## [WORK TO COMPLETE]
Write out the lines of the material below exactly, beginning at the line with "Wissenschaftliche Tagung Herrschaft, Markt" and stopping after the line with "Telegraph Room im", and leave out the pictures.

-- GIVEN INFORMATION follows --

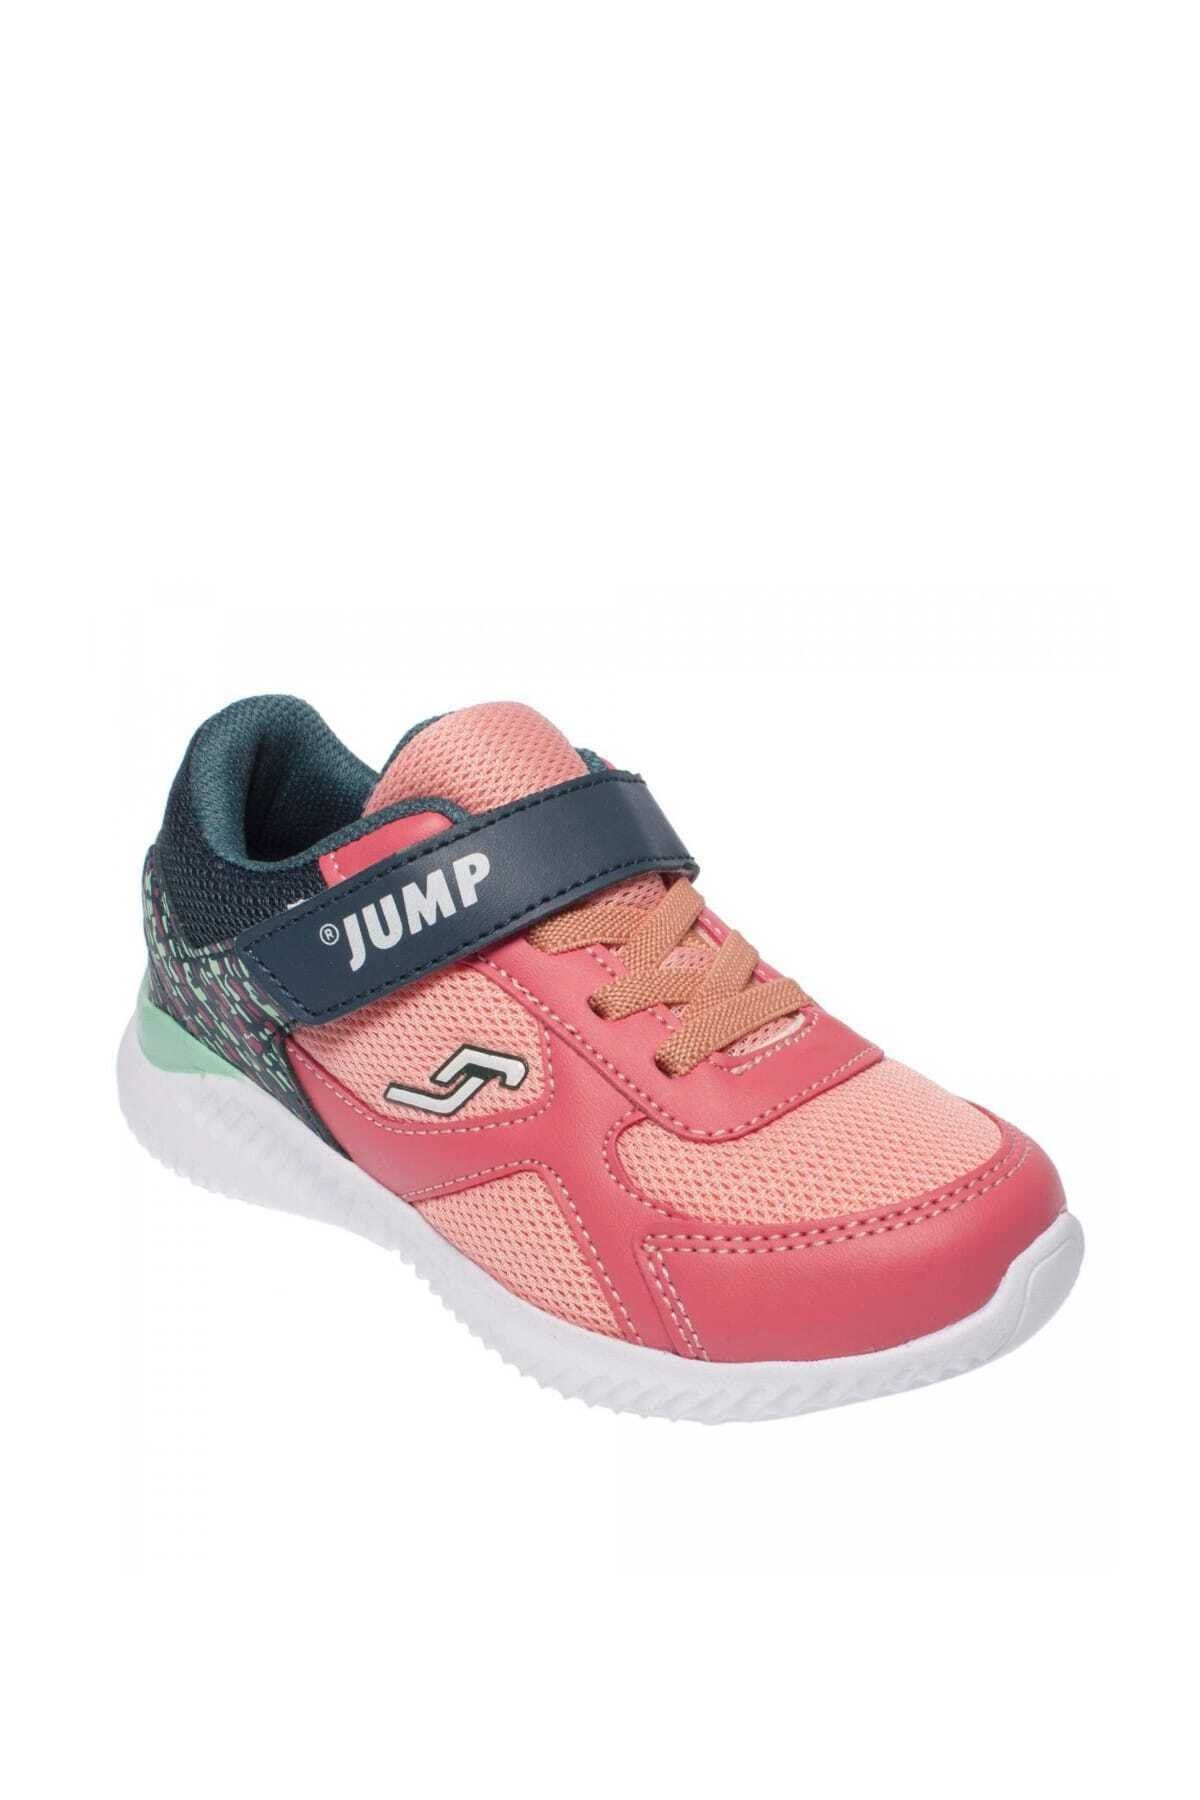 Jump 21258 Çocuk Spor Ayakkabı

-- GIVEN INFORMATION concluded --
-- GIVEN INFORMATION follows --

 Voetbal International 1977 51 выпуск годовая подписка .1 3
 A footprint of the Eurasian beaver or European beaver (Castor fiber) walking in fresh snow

-- GIVEN INFORMATION concluded --
-- GIVEN INFORMATION follows --

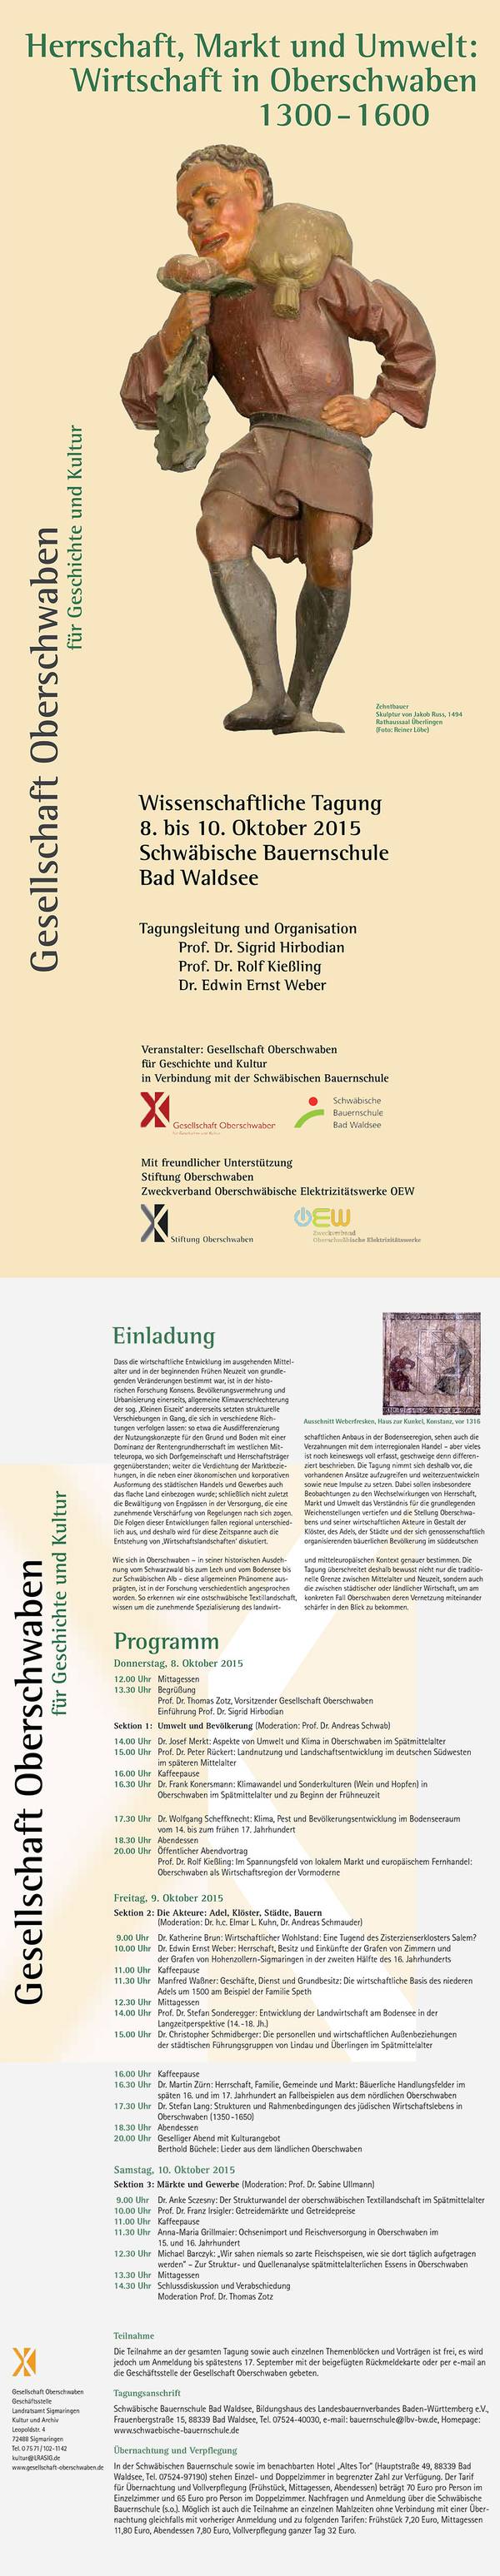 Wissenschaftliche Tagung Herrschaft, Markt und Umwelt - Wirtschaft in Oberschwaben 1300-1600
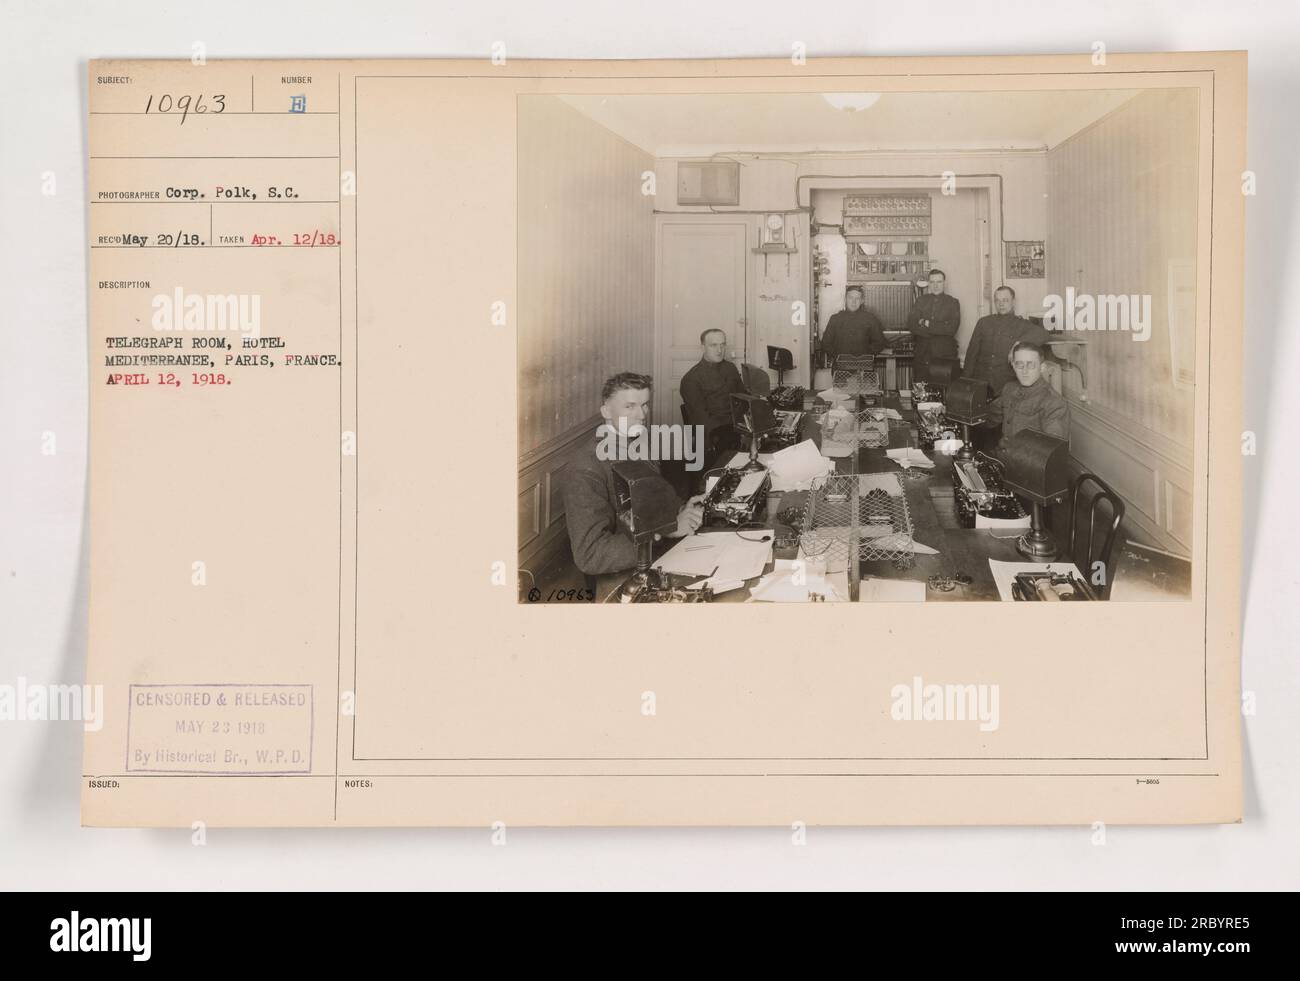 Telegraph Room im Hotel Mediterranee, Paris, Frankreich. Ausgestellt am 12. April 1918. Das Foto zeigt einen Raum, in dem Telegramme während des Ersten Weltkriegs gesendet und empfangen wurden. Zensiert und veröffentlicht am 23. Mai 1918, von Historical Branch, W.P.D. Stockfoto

-- GIVEN INFORMATION concluded --

## [OUTPUT BELOW]
 Wissenschaftliche Tagung Herrschaft, Markt und Umwelt - Wirtschaft in Oberschwaben 1300-1600
 Telegraph Room im Hotel Mediterranee, Paris, Frankreich. Ausgestellt am 12. April 1918. Das Foto zeigt einen Raum, in dem Telegramme während des Ersten Weltkriegs gesendet und empfangen wurden. Zensiert und veröffentlicht am 23. Mai 1918, von Historical Branch, W.P.D. Stockfoto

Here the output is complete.